THE TASK >> Any pictures in the records below must be left out when you repeat the lines from the line containing "KOOSUFA Lesebrillen Damen" through the line containing "1963 Chevrolet Truck - Lowrider Magazine" exactly.

INFORMATION SUPPLIED >>

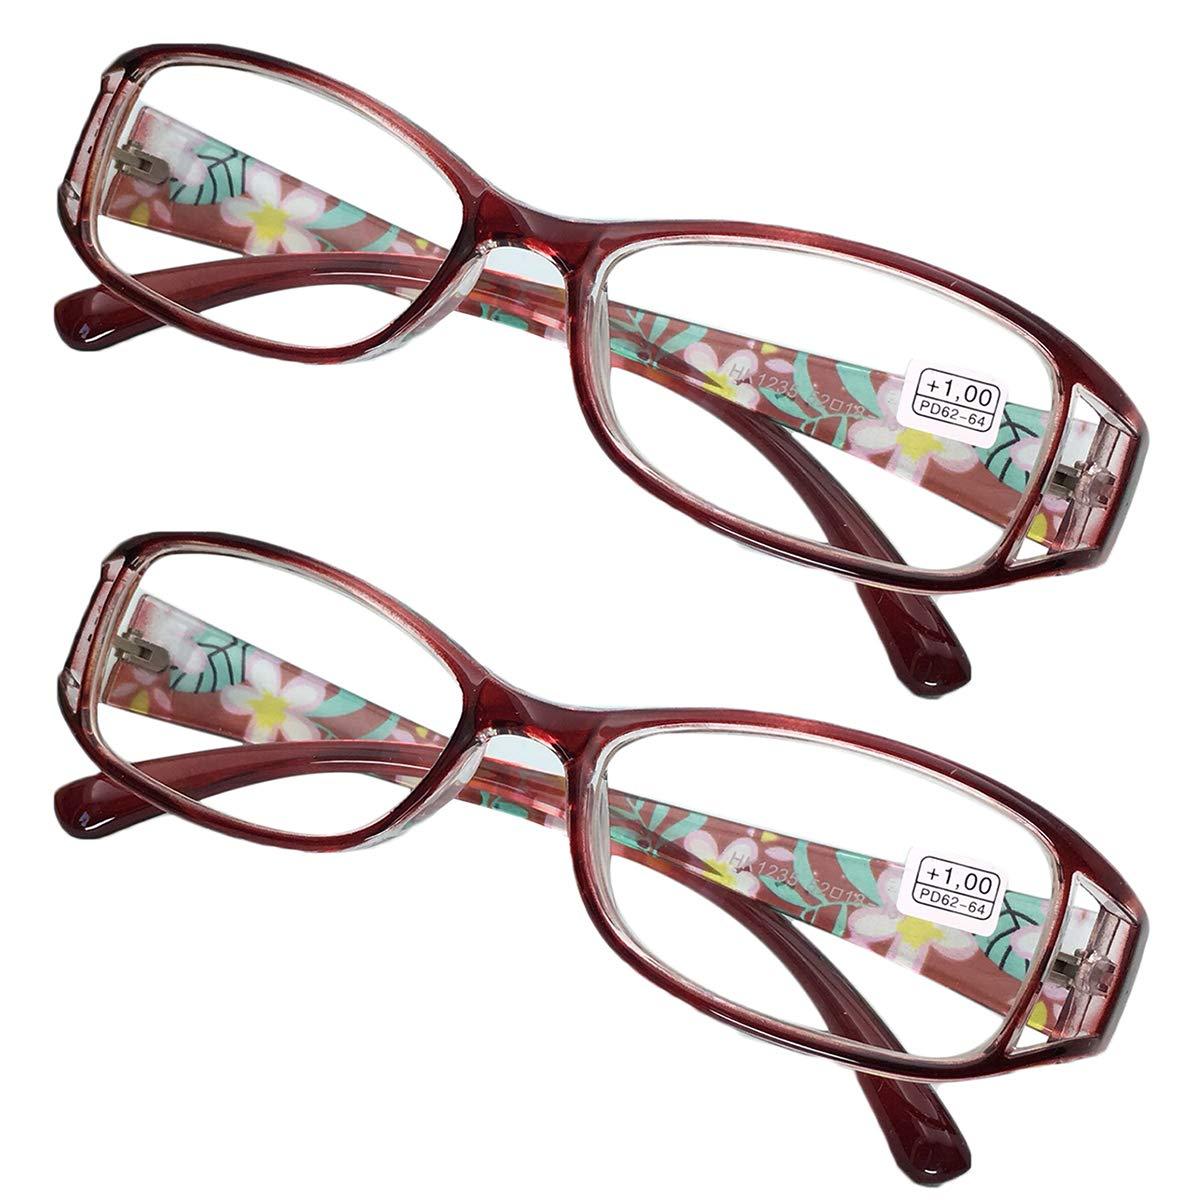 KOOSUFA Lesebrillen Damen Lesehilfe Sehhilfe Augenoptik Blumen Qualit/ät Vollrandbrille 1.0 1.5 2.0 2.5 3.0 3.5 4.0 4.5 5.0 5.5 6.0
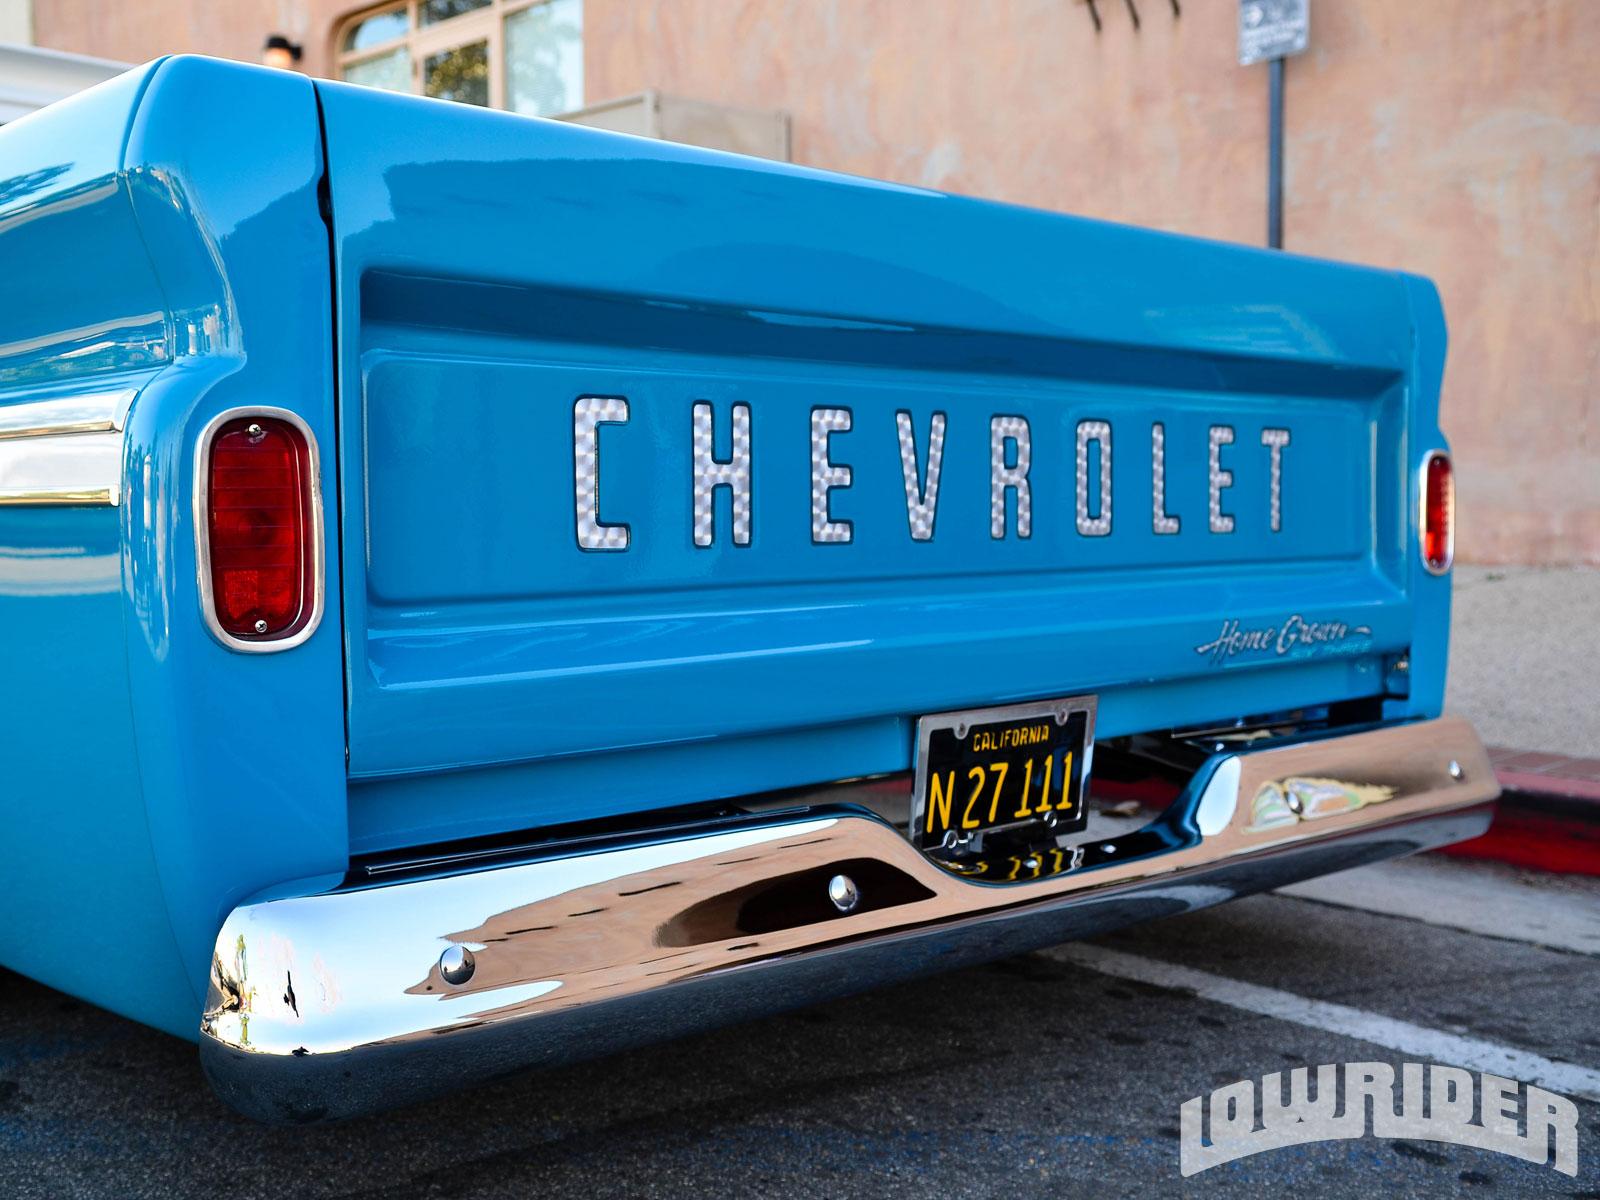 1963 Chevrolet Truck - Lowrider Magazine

==

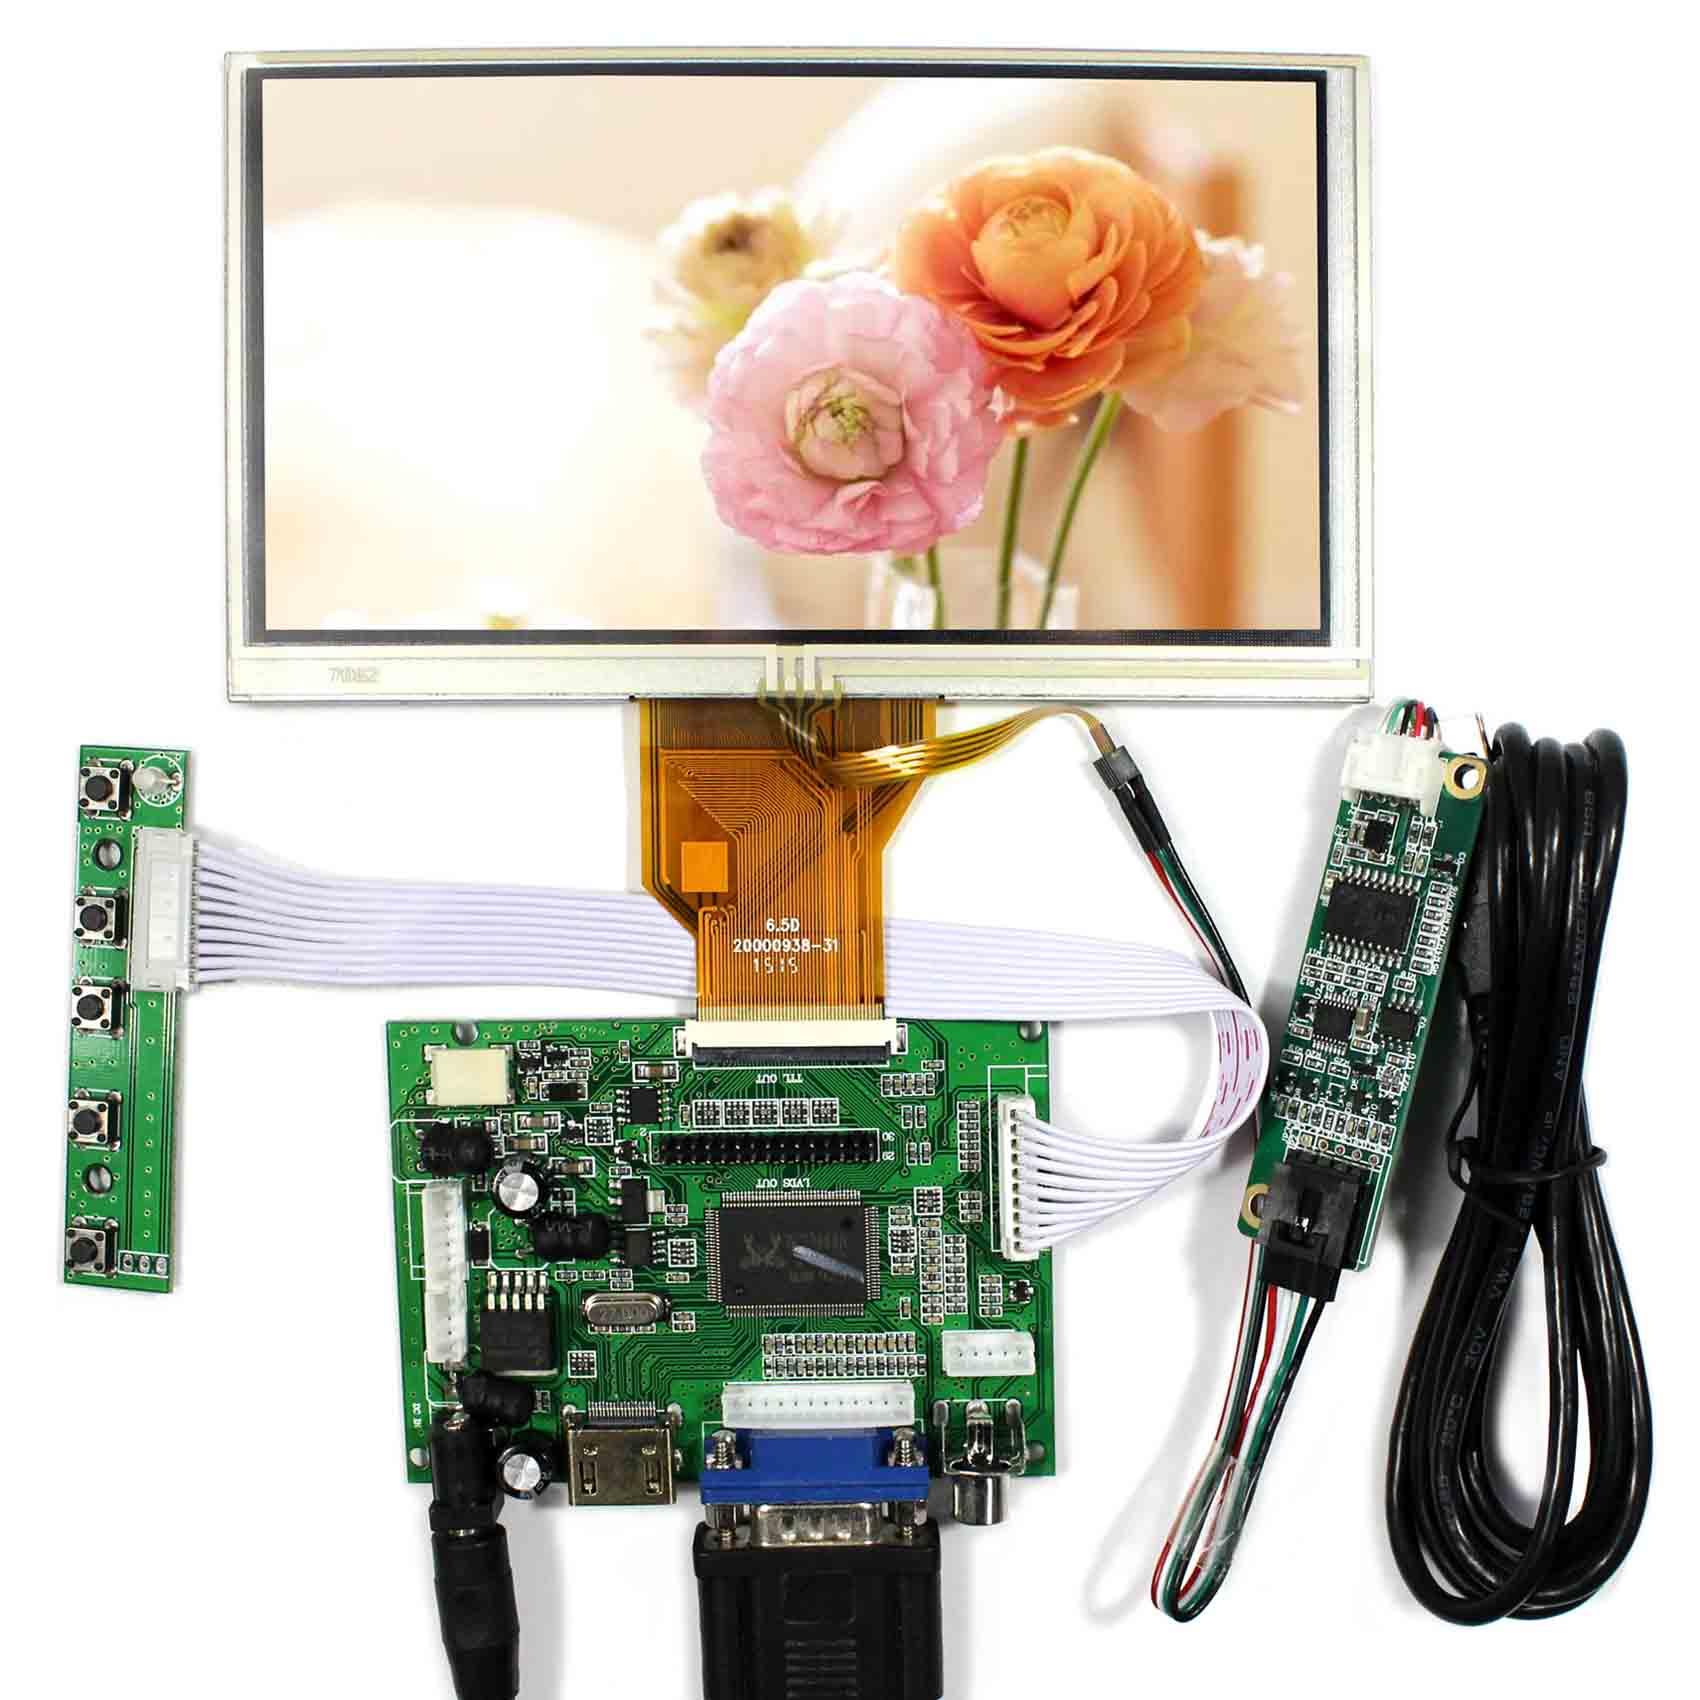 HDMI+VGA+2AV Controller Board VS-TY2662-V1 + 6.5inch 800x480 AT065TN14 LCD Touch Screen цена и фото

---

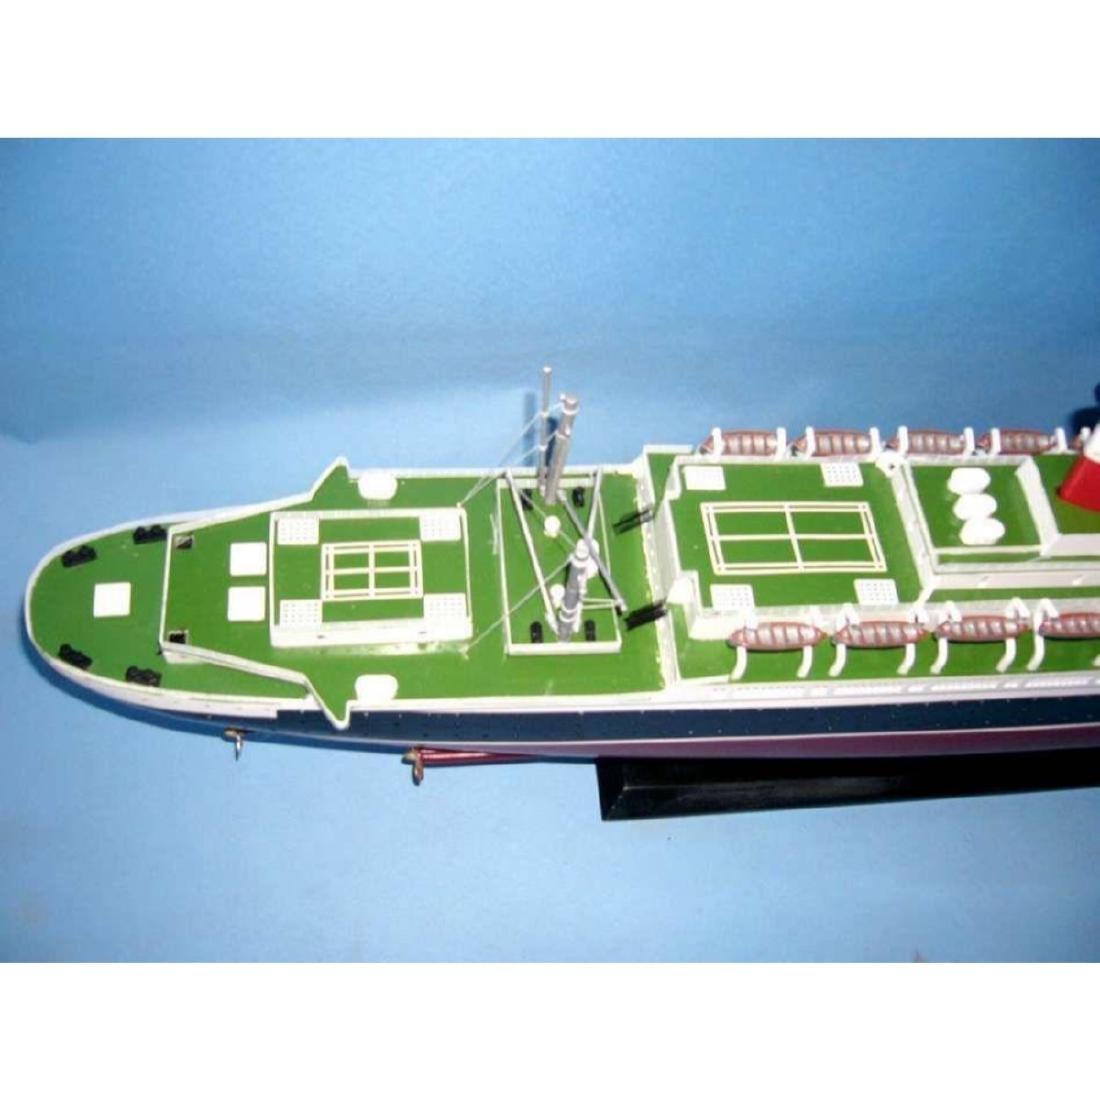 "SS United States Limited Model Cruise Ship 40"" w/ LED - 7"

WRITTEN SOLUTION >>
 KOOSUFA Lesebrillen Damen Lesehilfe Sehhilfe Augenoptik Blumen Qualit/ät Vollrandbrille 1.0 1.5 2.0 2.5 3.0 3.5 4.0 4.5 5.0 5.5 6.0
 1963 Chevrolet Truck - Lowrider Magazine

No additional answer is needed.